5. A wire aligner according to claim 3 wherein each of said
separators is tapered in said rearward direction to a thin terminal
edge.
6. A wire aligner according to claim 1 wherein each of said
separators comprises a lead part that inclines rearwardly and
inwardly from said front part, and an insertion part that extends
rearwardly as a blade, said blades being spaced apart and generally
parallel.
7. A wire aligner according to claim 6 wherein each of said
insertion parts tapers in said rearward direction to a thin
edge.
8. A wire aligner according to claim 1 wherein said separators have
a length dimension and said divider extends rearwardly from said
front part and extends a distance less than said length of said
separators.
9. A wire aligner according to claim 1 wherein each of said divider
is a panel that extends generally rearwardly and horizontally from
said front part.
10. A wire aligner according to claim 4 wherein for each of said
channels said outward opening has a transverse dimension that is
less than the outer diameter of said end portions of said twisted
pairs of wires placeable therein, thereby precluding said end
portions from moving transversely out their respective
channels.
11. A wire aligner according to claim 1 wherein each of said upper
channels has a generally octagonal cross-section.

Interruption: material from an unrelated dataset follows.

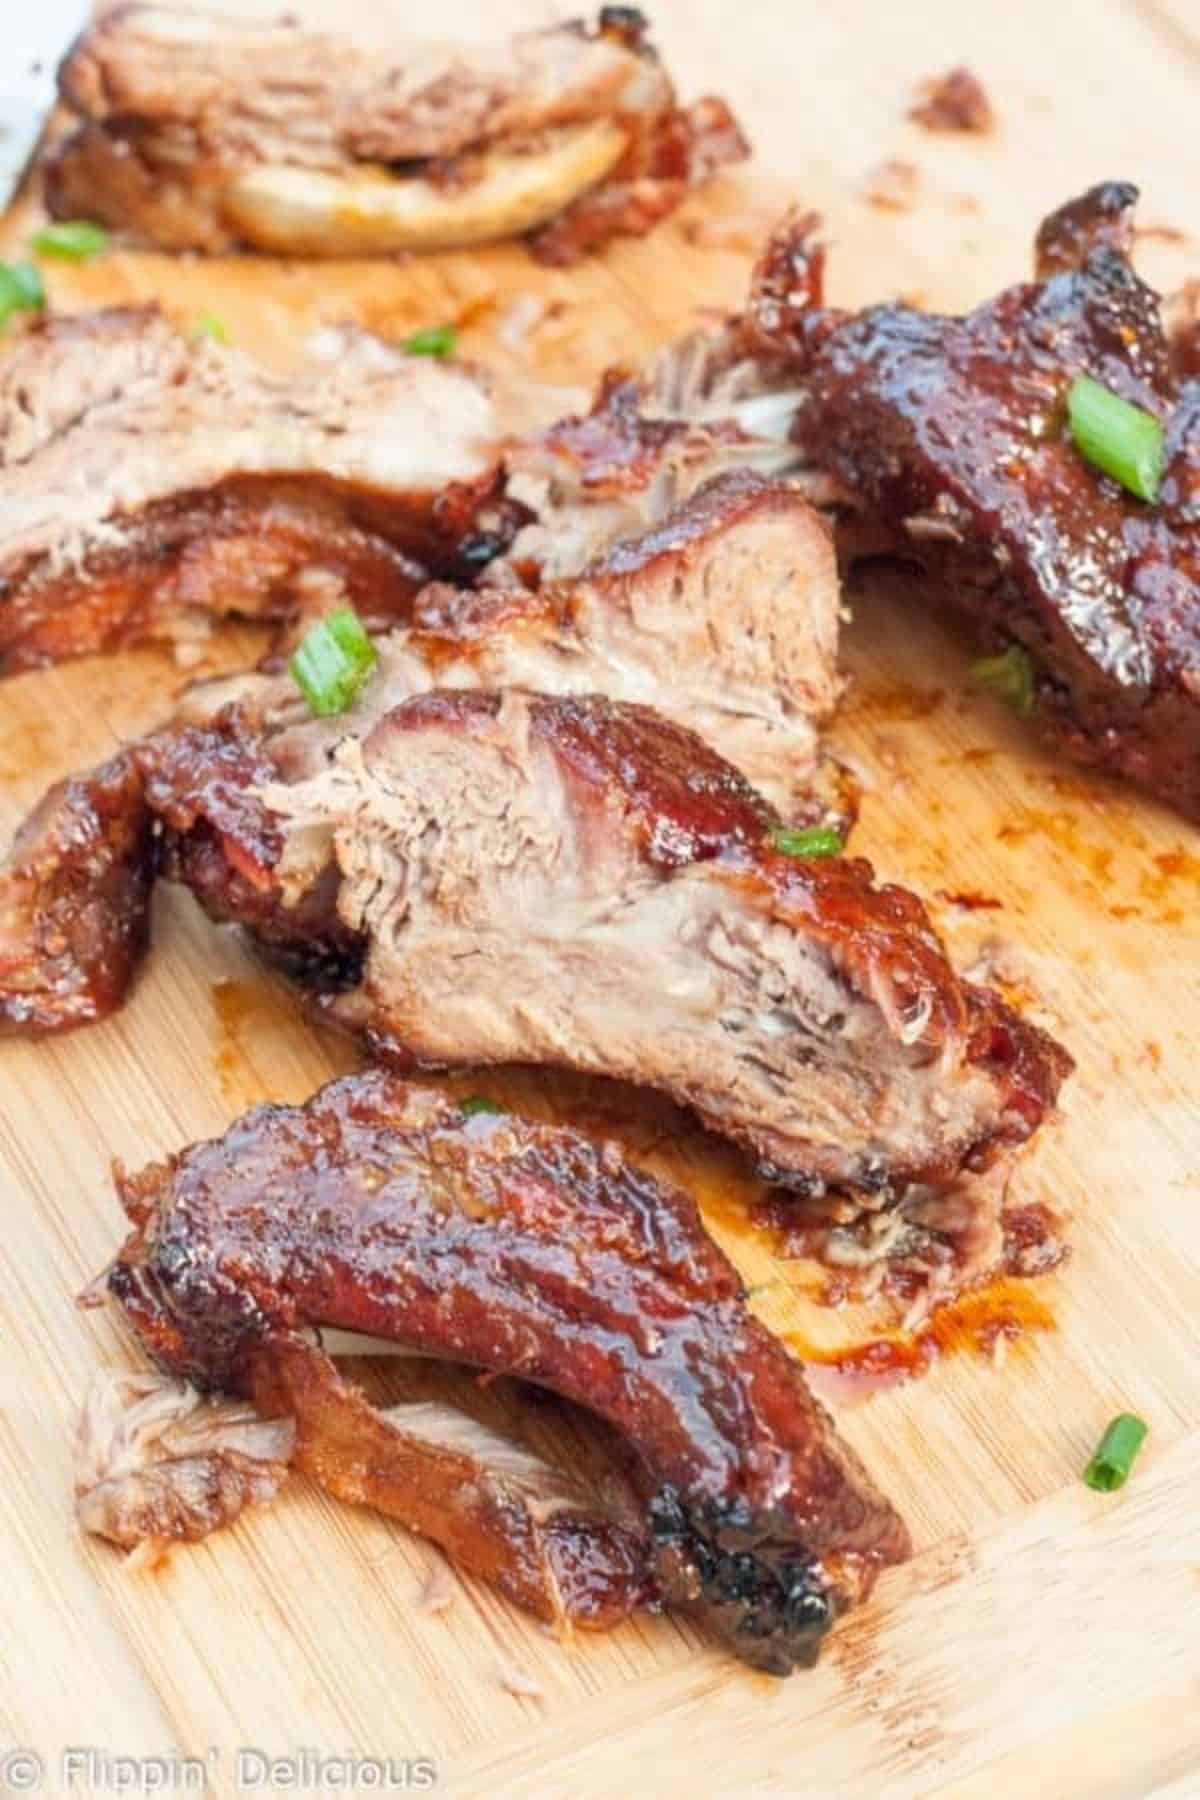 Gluten-Free Sticky Asian Ribs on a wooden cutting board.

12. A wire aligner according to claim 1 wherein said middle channel
has a generally oval cross-section.
13. In combination, a wire aligner according to claim 1 and a
multi-conductor having four twisted wire pairs having their end
portions separated by said separators and divider, said end
portions being extended through said left, right, central upper and
central lower spaces respectively.
14. A combination according to claim 13 wherein said end portions
of said twisted pairs are each untwisted substantially the same
amount, as they are separated by said separators and said divider
and extended into said left, right, central upper and central lower
spaces respectively.
15. The combination according to claim 14 wherein said four twisted
pairs have the standard twisted pair designation numbers 1, 2, 3,
and 4, and are situated in said left, right, central and upper
spaces respectively.
16. A wire aligner for assembly with the end portions of a
multi-conductor cable having four pairs of twisted wires, said wire
aligner comprising a wire aligner housing having front and rear
parts, said front part defining therethrough wire-receiving
channels distributed as left, right and middle channels along a
first horizontal plane, and upper channels above said middle
channel, said rear part configured to separate said four twisted
pairs of wires from each other and to direct them to said left,
right, middle and upper channels respectively, with each of said
twisted pairs being untwisted substantially the same amount as it
extends along said rear part to said channels in said front
part.
17. A wire aligner and load bar assembly comprising a wire aligner
according to claim 1 and a load bar coupled to said front part of
said wire aligner, said load bar having wire-receiving channels
arranged to correspond spatially with said channels of said wire
aligner's front part and to receive said end portions of said
untwisted pairs of wires extending axially forward and out of said
channels of said wire aligner's front part.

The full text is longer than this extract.